Exercise brief - For this exercise, repeat exactly the lines below starting at the line holding "The Anker 317" and ending at the line holding "T-Shirt Asics Katakana", both included, with no extra lines and no pictures.

Records for the task -
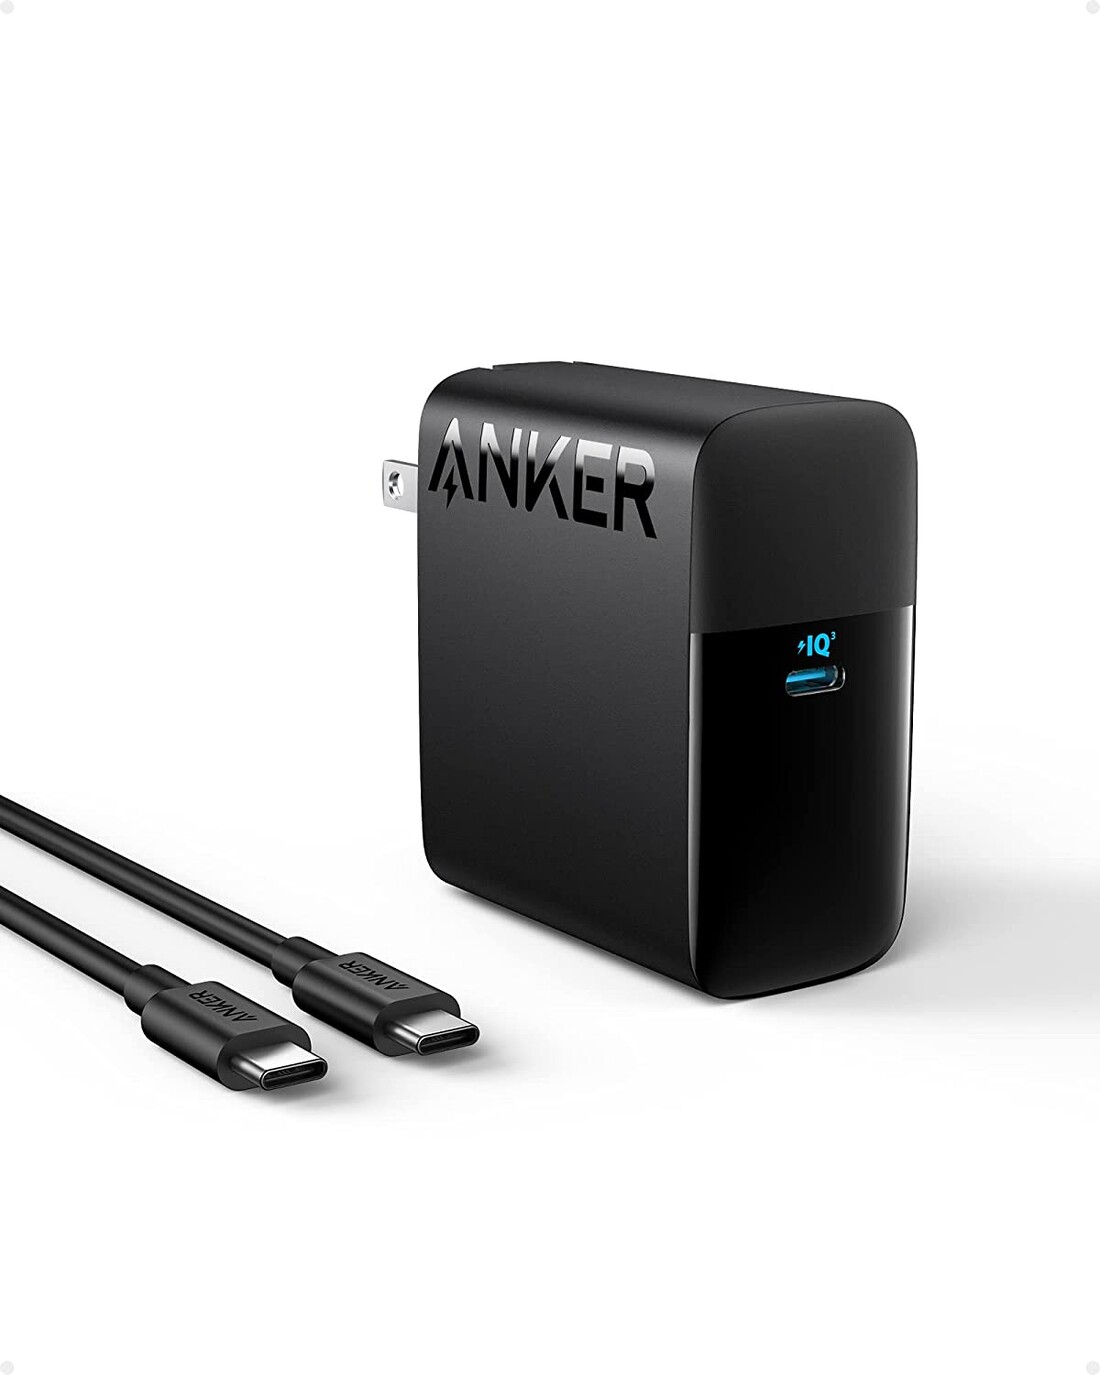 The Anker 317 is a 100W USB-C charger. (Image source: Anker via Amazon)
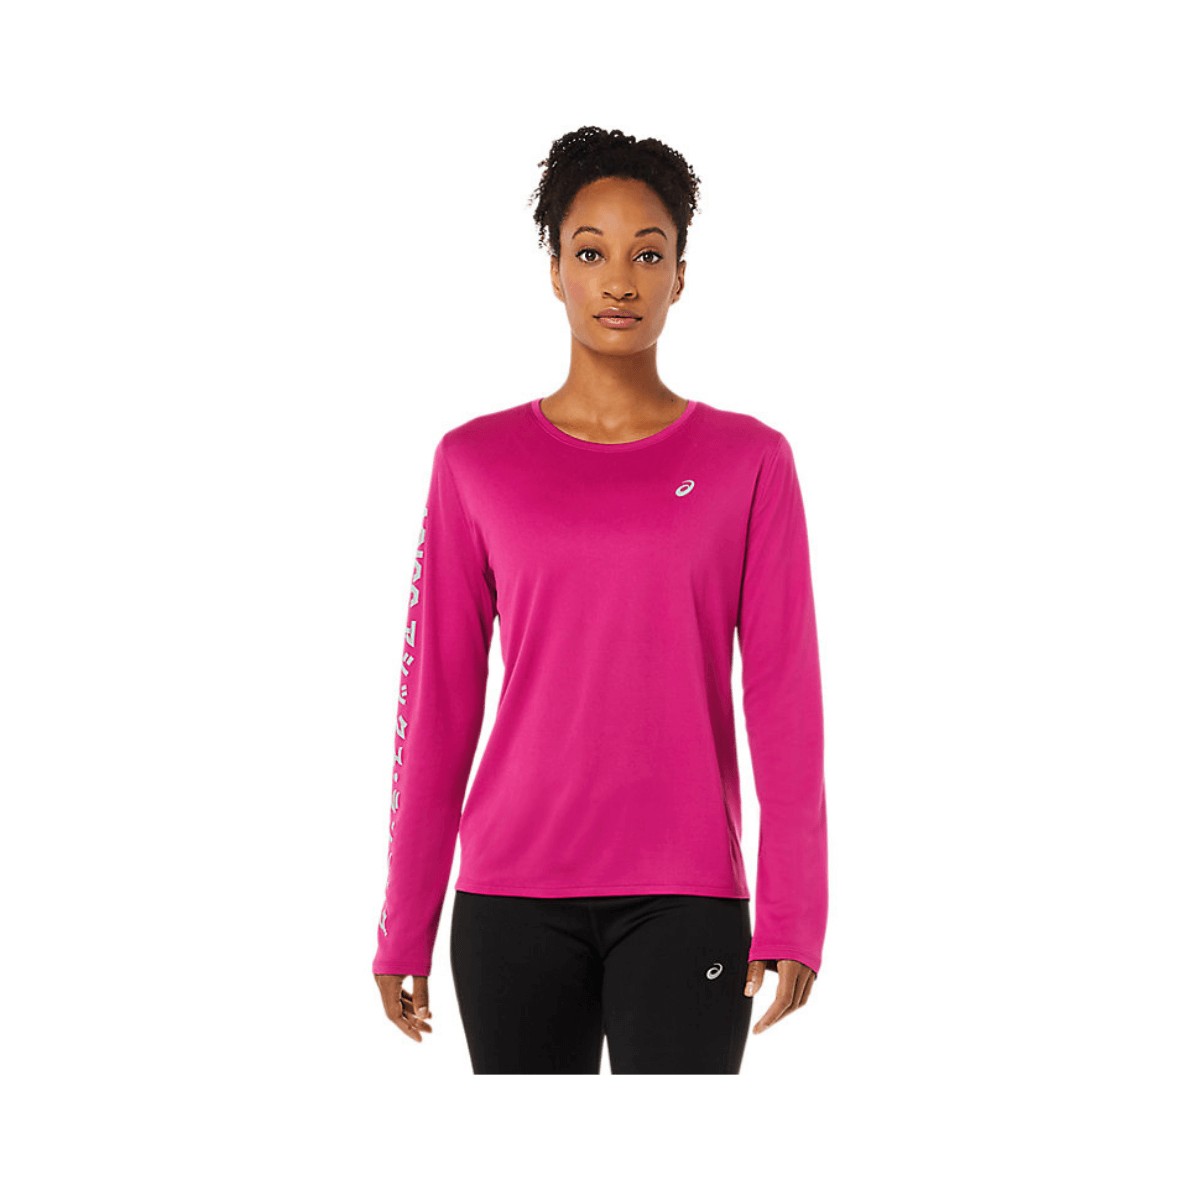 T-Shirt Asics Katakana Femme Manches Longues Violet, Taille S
---
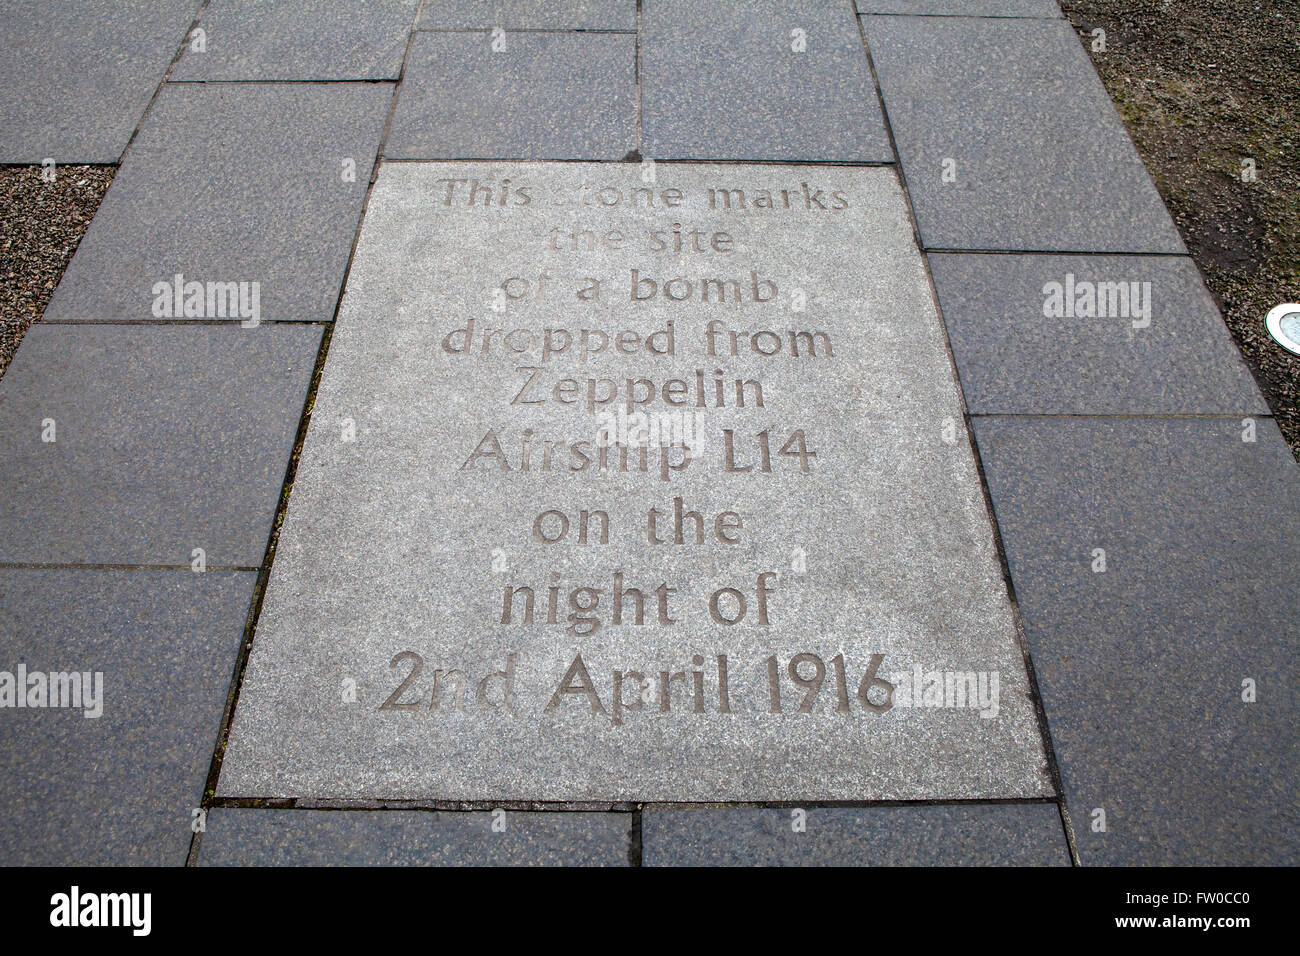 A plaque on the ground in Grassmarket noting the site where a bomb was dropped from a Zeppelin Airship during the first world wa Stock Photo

Result of the exercise -
 The Anker 317 is a 100W USB-C charger. (Image source: Anker via Amazon)
 T-Shirt Asics Katakana Femme Manches Longues Violet, Taille S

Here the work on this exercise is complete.